Все эти соображения, решения и оттяжки совершенно изнурили меня. Меня мучила не только сама печка, но и то, что она была предметом разговоров, забот, планов и предположений всех преподавателей, директора, сторожей и, я уверен, учеников: ребята всегда все знают о нашей внешкольной жизни. Да и сейчас, когда вся эта пустяковая история с печкой давно позади, я сам чувствую, что повествую об этом не с легкостью изложения забавного случая, а с волнением и серьезностью, каких это дело, конечно, недостойно. Но спросите у любого, особенно у женщины-хозяйки, пользующейся печным отоплением, что такое дурная печь в ежедневной жизни человека, как это влияет на настроение, как отражается на работоспособности, — вам скажут, что от плохой печки можно в короткий срок постареть. А я именно смотрел на все злоключения с этой печью глазами моей жены Лели, городской, неопытной в трудном быту молодой женщины-матери, которой предстояло жить со мной в этой квартире.
В то утро, когда я проснулся ранее обычного от света, который вступал в окна от снега, выпавшего ночью, мне пришла как бы вместе с этим светом ясная, простая и, казалось, надежнейшая мысль.
Я вспомнил райвоенкома, майора, с которым познакомился и разговорился, когда приходил к нему, чтобы встать на учет как офицер запаса. Пойду, дурак, к нему, он мне поможет: стоит посмотреть по картотеке, у кого из военнообязанных в графе «специальность» указано «печник», — вот и печник.
Майор принял меня в своем крошечном, как чулан, кабинетике, с тремя бревенчатыми и четвертой тесовой стенкой, отделявшей его от общей большой комнаты с деревянным барьером.

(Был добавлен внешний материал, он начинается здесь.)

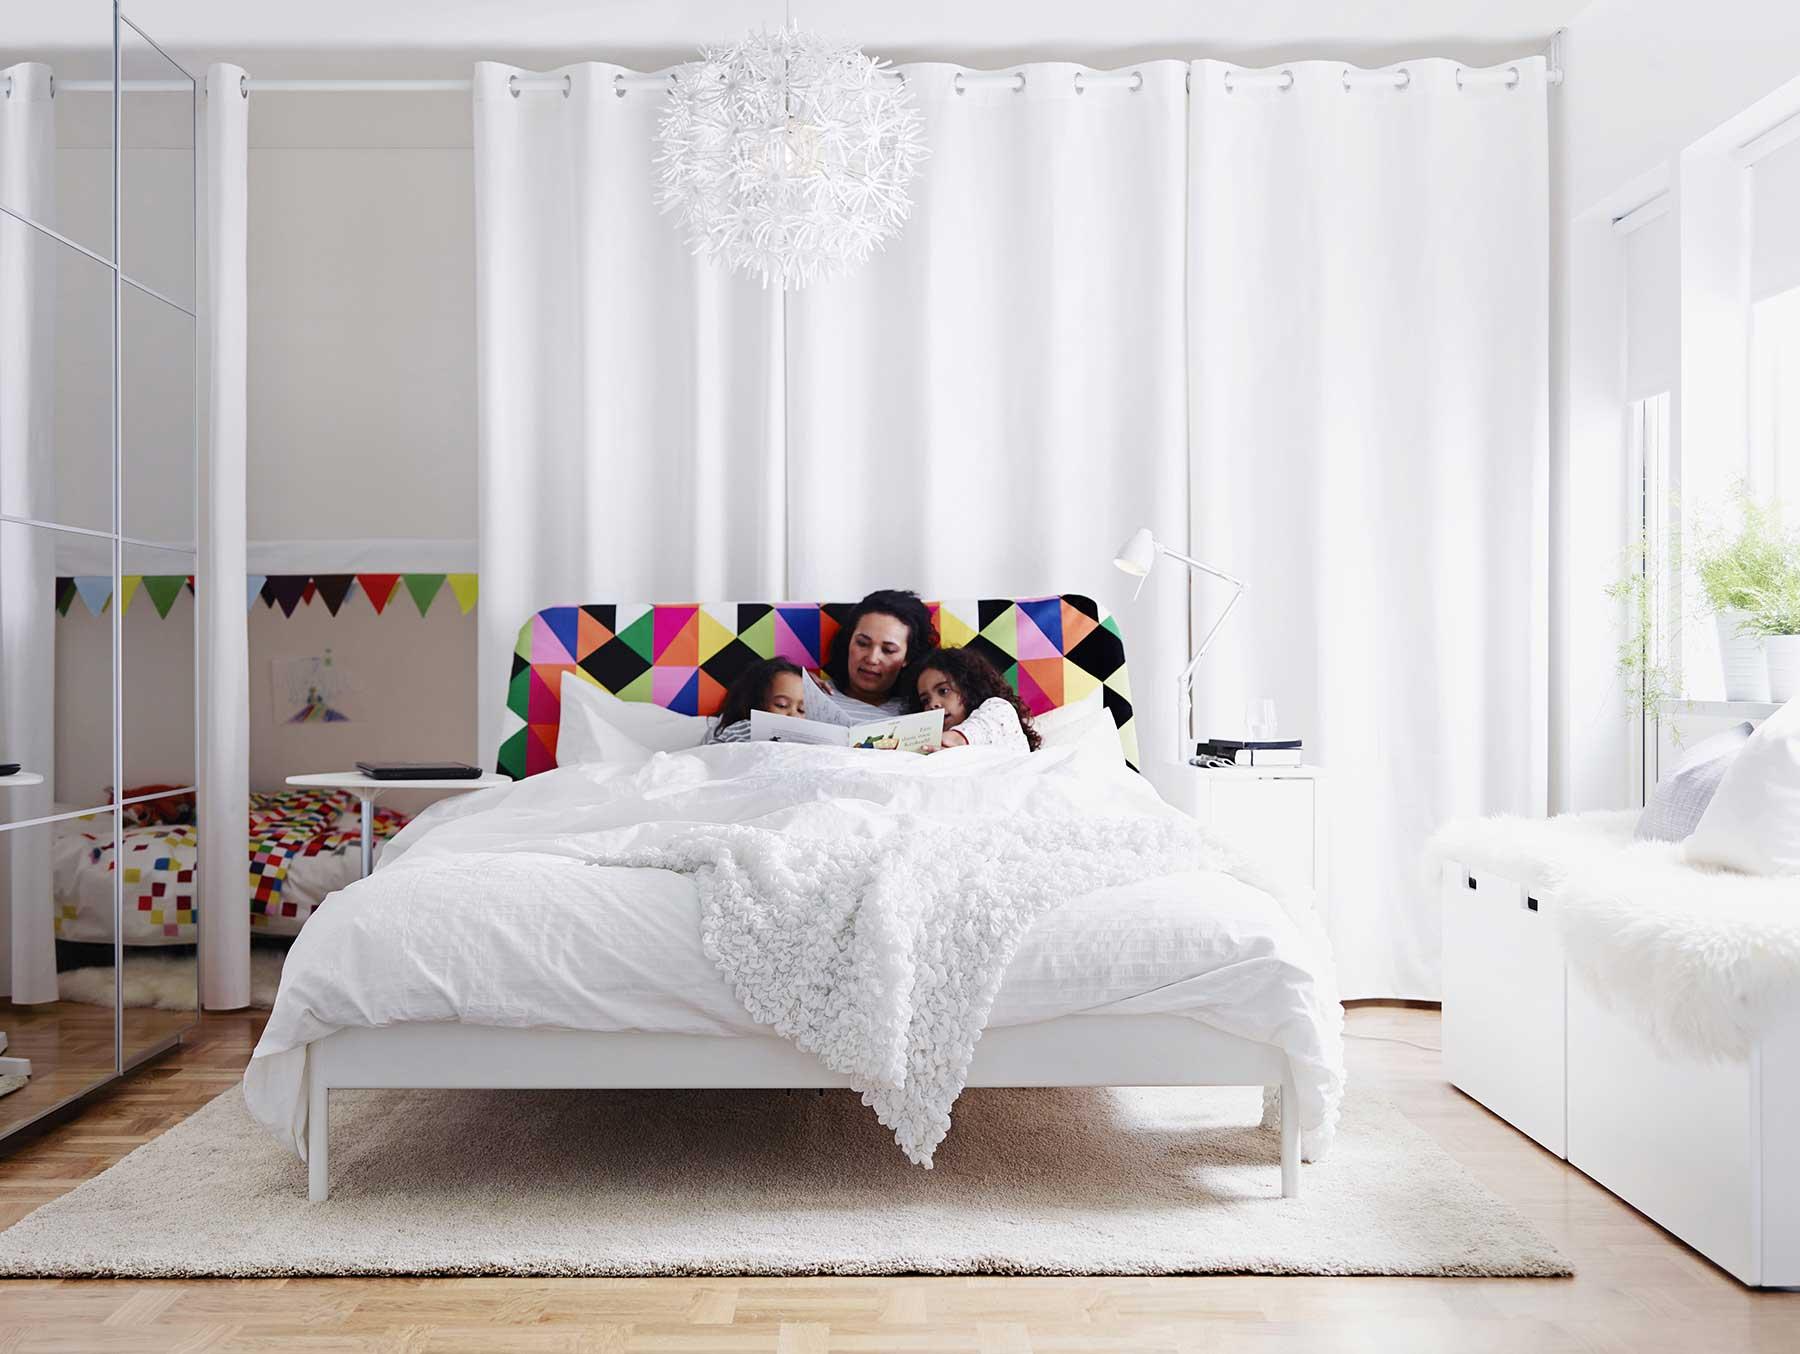 chambre ikea catalogue 2015. Black Bedroom Furniture Sets. Home Design Ideas

Простецкое озабоченное лицо майора с морщинами на лбу, которые подкатывались от бровей к густым темным волосам, делали его лоб низким и придавали как бы свирепое выражение, лицо это участливо вытянулось.
— Как вам сказать… — заговорил он, закуривая сигаретку. — Печник — такая профессия, что ее не всегда указывают. Сапожник, кузнец — это другое дело. А печник, — вдруг улыбнулся он, обнажая свои большие прокуренные зубы с широким краем верхних десен, — каждый солдат — сам себе печник. Сейчас посмотрим.
Оказалось, есть печники, но один из них инвалид, без руки, другой живет в самом далеком углу района, третий работает председателем большого колхоза — нечего и обращаться, четвертый — двадцать шестого года рождения; это и майор сказал, что печник должен быть постарше. Были и другие кандидатуры, отклоненные нами по тем или иным мотивам.
— Вы вот что, — посоветовал мне майор под конец, уже будучи в курсе всей моей истории, — вы сходите лично сами к этому магу и кудеснику, к Егору этому. Я тоже слышал, что мастер редкий. Сходите, поговорите. А не выйдет — давайте сюда, что-нибудь придумаем, — улыбнулся он опять своей большезубой улыбкой, исподволь прикрывая рот рукой, как это делают люди с потерянными спереди зубами, особенно женщины.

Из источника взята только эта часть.